Determination of free [Ca²⁺]_i in U937 cells was performed as previously described (16, 29, 30). Briefly, cells were incubated for 30 min at 30°C in the dark with 2 µM Fluo3/AM. After loading, Fluo3/AM was removed and cells were further incubated for 30 min at 30°C to complete the hydrolysis of Fluo3/AM. Then cells were centrifuged, resuspended, diluted to the concentration of 10⁶ cells/mL, transferred to the spectrofluorimeter (Perkin Elmer LS50), and fluorescence monitored at 37°C (506 nm excitation, 530 nm emission). Primary monocytes were incubated for 1 h at 25°C in the dark with 2µM Fura2/AM. After loading, cells were washed twice with a saline solution, transferred to the spectrofluorimeter, and fluorescence monitored at 37°C (505 nm emission, 340 and 380 nm excitation).

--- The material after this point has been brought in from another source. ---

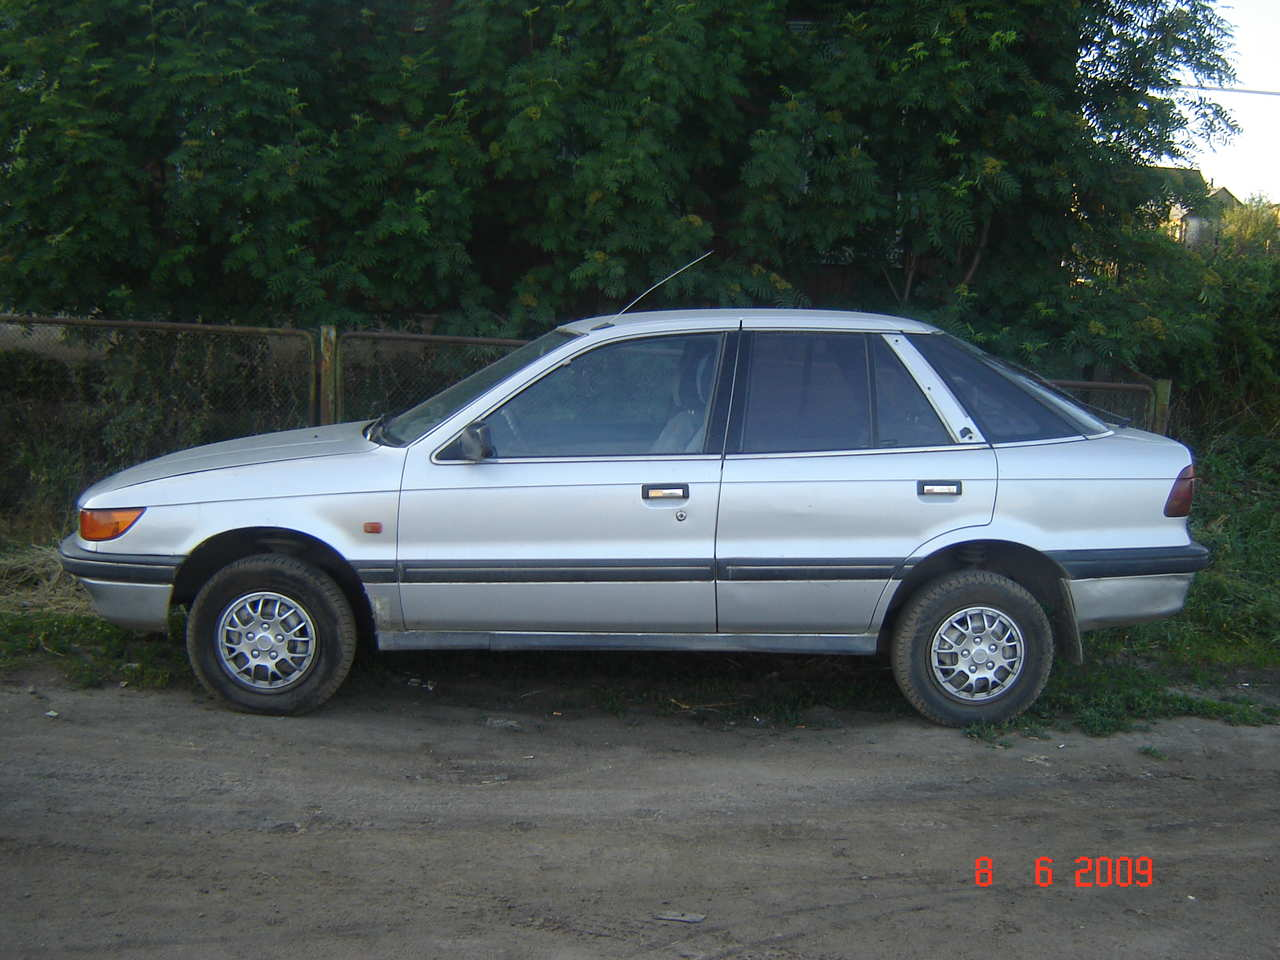 1990 Mitsubishi Lancer Pics, Gasoline, FF, Manual For Sale

Calibration was performed by adding 2 µM ionomycin and 100 µM digitonin (F_max, maximal fluorescence of the system) and by adding 5 mM EGTA and 60 mM Tris-base (F_min minimal fluorescence of the system). [Ca²⁺]_i elevation has been expressed as the ratio of stimulated over basal (s/b).

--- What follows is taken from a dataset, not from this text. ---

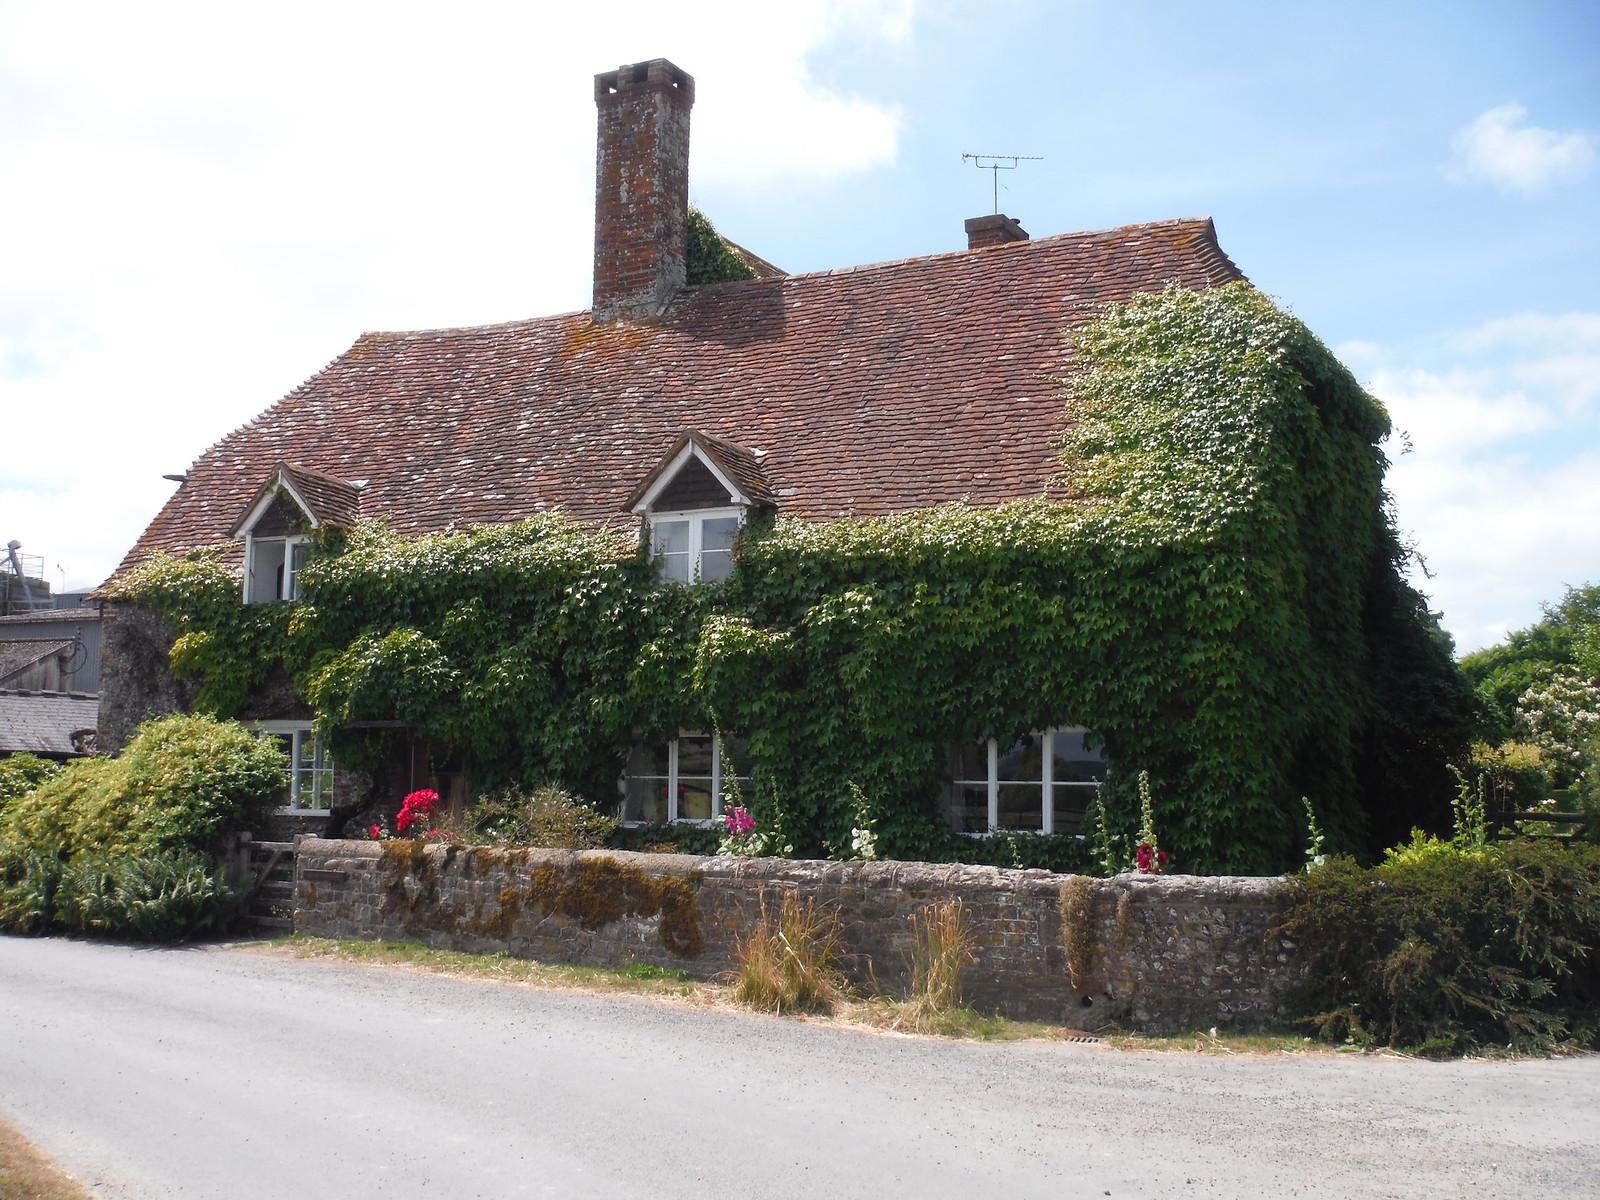 House in Bignor SWC Walk 217 Midhurst Way: Arundel to Midhurst

The heterologous desensitization protocol was performed as previously described (16). Briefly, the second challenge was dispensed 3 min after the first challenge or when [Ca²⁺]_i levels returned to baseline without washing the sample.

Statistical analysis

Statistical analysis of concentration-response curves was performed using GraphPad Prism version 4, which use the four parameters logistic model as described in the ALLFIT program (31). All curves are computer generated. Statistical comparison of multiple groups was performed using one-way ANOVA followed by Bonferroni's multiple comparison test. Data are expressed as mean ± SEM.

RESULTS

Inflammatory-related stimuli elicited second messenger generation in DMSO-differentiated U937 cells

It is widely known that LTD₄ elicits a cytosolic Ca²⁺ transient ([Ca²⁺]_i) in DMSO-differentiated U937 (dU937) cells through the activation of the CysLT₁R promiscuously coupled to both G_q and G_i (16, 29, 30). In the same cells, the ability to increase [Ca²⁺]_i is shared also by other inflammatory stimuli through different molecular signaling pathways. Indeed, LTB₄, fMLF, UTP, and PAF were found to increase [Ca²⁺]_i through the activation of specific receptors exclusively coupled either to G_q/11 (PAF-R) or G_i (FPR1) or promiscuously coupled to both G proteins (BLT₁R and P2Y_2/6R) (Table 1). In addition, a number of other inflammatory or inflammatory-related stimuli (e.g., PGE₂, histamine and isoproterenol) were found to increase cAMP levels in dU937 cells through activation of their G_s protein-coupled receptors (EP_2/4R, H_1/2R, and β₂AR, respectively) (Table 1). Therefore, these heterogeneous stimuli were studied to expand the previous notion of extracellular nucleotide regulation of CysLT₁R activity (16), examining the possibility that they might participate in CysLT₁R regulation through specific molecular mechanisms and possibly specific hierarchical organization.

TABLE 1.

Inflammatory stimuli elicited second messenger generation in dU937 cells

	[Ca2+]i fold increase ± SEM		cAMP pmol/106 cellsb
Stimulus	−PTX	+PTXa		Predominant Coupling
LTD4, 10nM	5.56 ± 0.44	3.54 ± 0.34 (P < 0.01)		Gi/Gq
LTB4, 1 μM	2.22 ± 0.26	1.23 ± 0.09 (P < 0.01)		Gi
fMLF, 1 μM	2.4 ± 0.24	1 (P < 0.01)		Gi
UTP, 10 μM	3.87 ± 0.62	2.81 ± 0.5 (P < 0.05)		Gi/Gq
PAF, 36 nM	6.78 ± 0.98	6.41 ± 0.75		Gq
isoproterenol,1 μM	—	—	43.7 ± 6.7	Gs
PGE2, 1 μM	—	—	71.5 ± 15.5	Gs
histamine, 1 μM			39.3 ± 1.7	Gs

^aPTX 300 ng/mL −18 h pretreatment.

^bBasal cAMP, 2.38 ± 0.47 pmol/10⁶ cells.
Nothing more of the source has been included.